While this usage is less prevalent, acute conditions can also be monitored using RPM technologies. The COVID-19 virus and its related health effects were a primary factor in the current expansion of remote patient monitoring coverage.

This amendment to CMS’ RPM requirements means that care team members can now monitor patients who are suffering from the following conditions remotely:

  • Respiratory infections
  • Pneumonia
  • Heart attacks
  • Flu
  • Severe burns
  • Bronchitis
  • Severe injuries that result in limited mobility

Your staff can consider implementing RPM devices into the care plan when they are treating patients for the conditions listed above, as well as others. However, some requirements limit when and how you can bill for RPM services.

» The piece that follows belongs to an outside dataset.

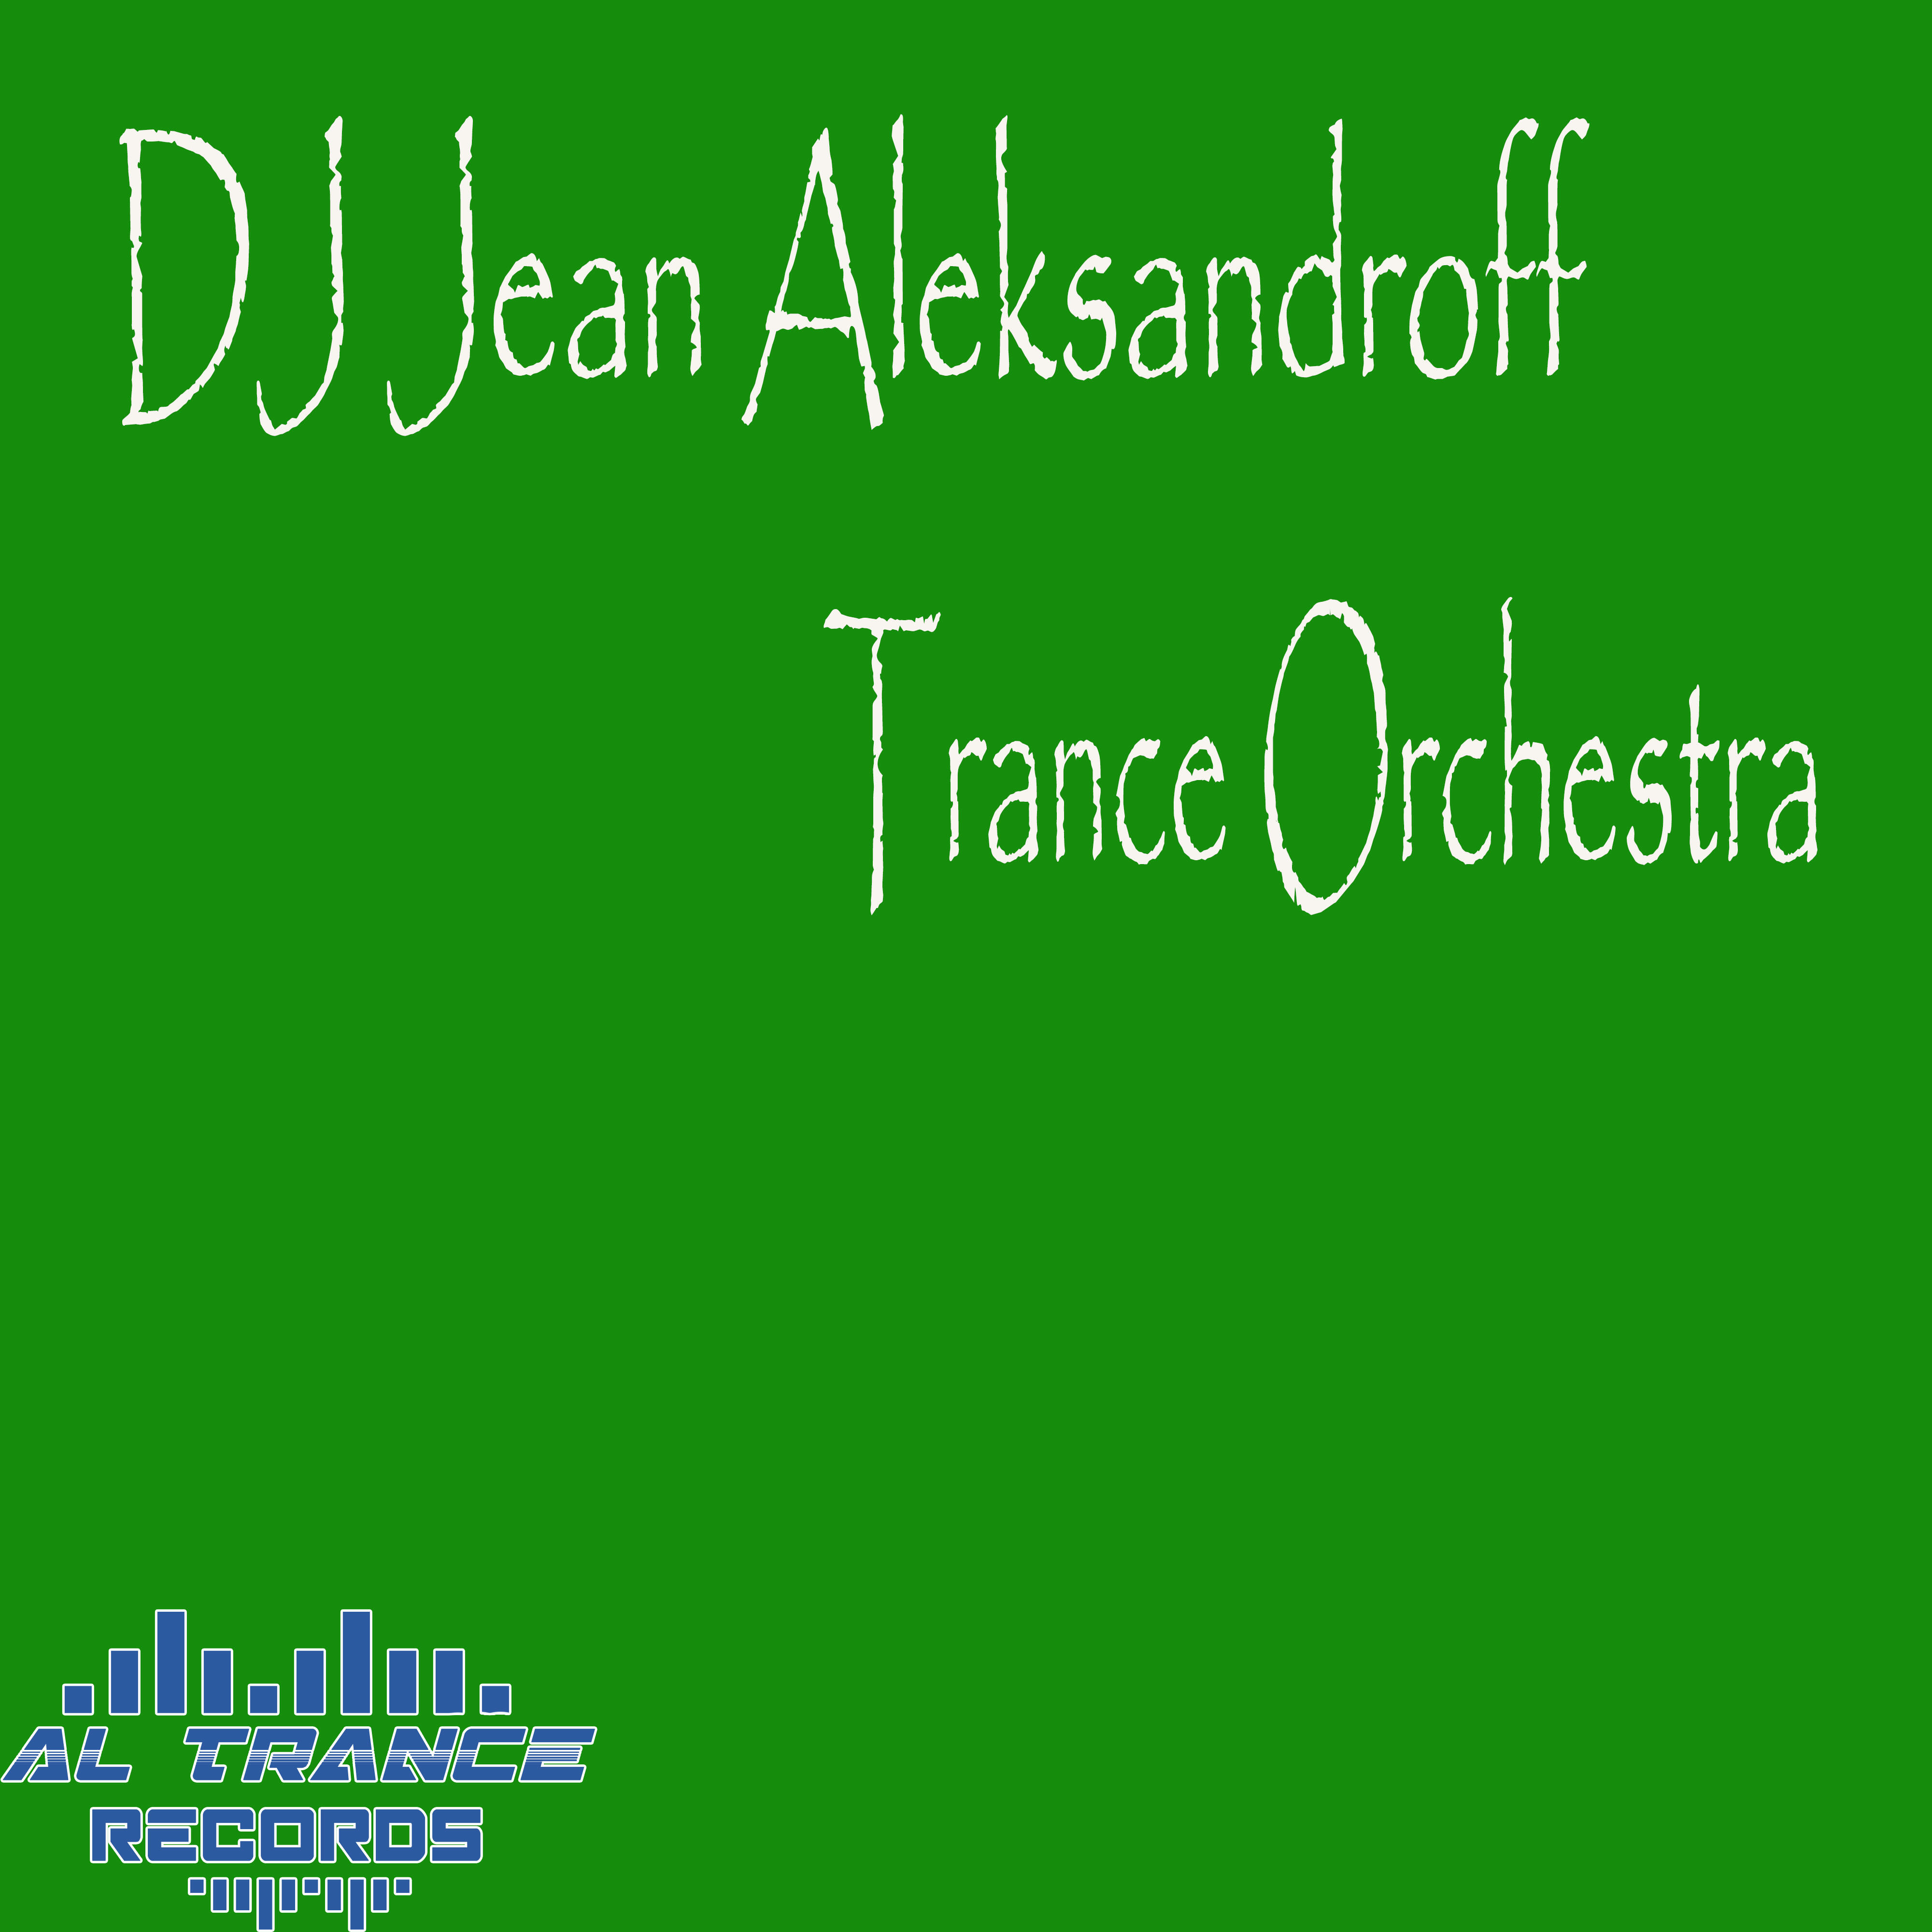 Stream Music from Artists Like Dj Jean Aleksandroff | iHeart

We will discuss these restrictions in greater detail below.

Before utilizing remote patient monitoring equipment for acute care, your staff should consider specific patient factors. Care teams should determine whether the patient is at an increased risk of experiencing severe complications, has had difficulty attending face-to-face appointments, and whether they are likely to experience symptoms for a prolonged period of time.

As always, physicians and other care professionals should decide to use RPM solutions on a patient-by-patient basis. An individual analysis will help your team choose the best care strategy for each patient’s unique needs.

States that Require Coverage for Remote Patient Monitoring

Currently, remote patient monitoring is not mandatory coverage in all 50 states. However, many health insurance providers are adding RPM to their covered service lists because it is extremely cost-effective.

In addition, the CMS has drastically expanded its policy regarding remote patient monitoring coverage. It remains to be seen whether they will scale back this coverage in the future, after the large expansion prompted by the COVID-19 pandemic.

As is often the case, several states are being proactive in updating their healthcare regulations. Specifically, fifteen states, along with Washington, D.C., have implemented legislation requiring health insurers to provide coverage for RPM services.

The states that have passed such laws include:

  • Arizona
  • Arkansas
  • Colorado
  • Connecticut
  • Georgia
  • Maine
  • Maryland
  • Massachusetts
  • Mississippi
  • Nebraska
  • New Hampshire
  • New Jersey
  • New Mexico
  • Virginia
  • West Virginia

Some of these states have implemented broader legislation to require healthcare insurers to cover RPM services and telehealth solutions, while others have limited the legislation to address remote patient monitoring exclusively.

In the coming years, more states will likely implement RPM coverage mandates. Such coverage increases will expand the already surging demand for remote patient monitoring technologies and software.

State legislators are not the only ones that are becoming more conscious of the benefits of remote patient monitoring solutions. Patients are also expressing a desire for access to remote healthcare technologies on a large scale.

Rising patient demand means organizations should strongly consider implementing remote patient monitoring solutions if they do not already have them in place. Doing so will drastically enhance the care experience, save money, and streamline data sharing.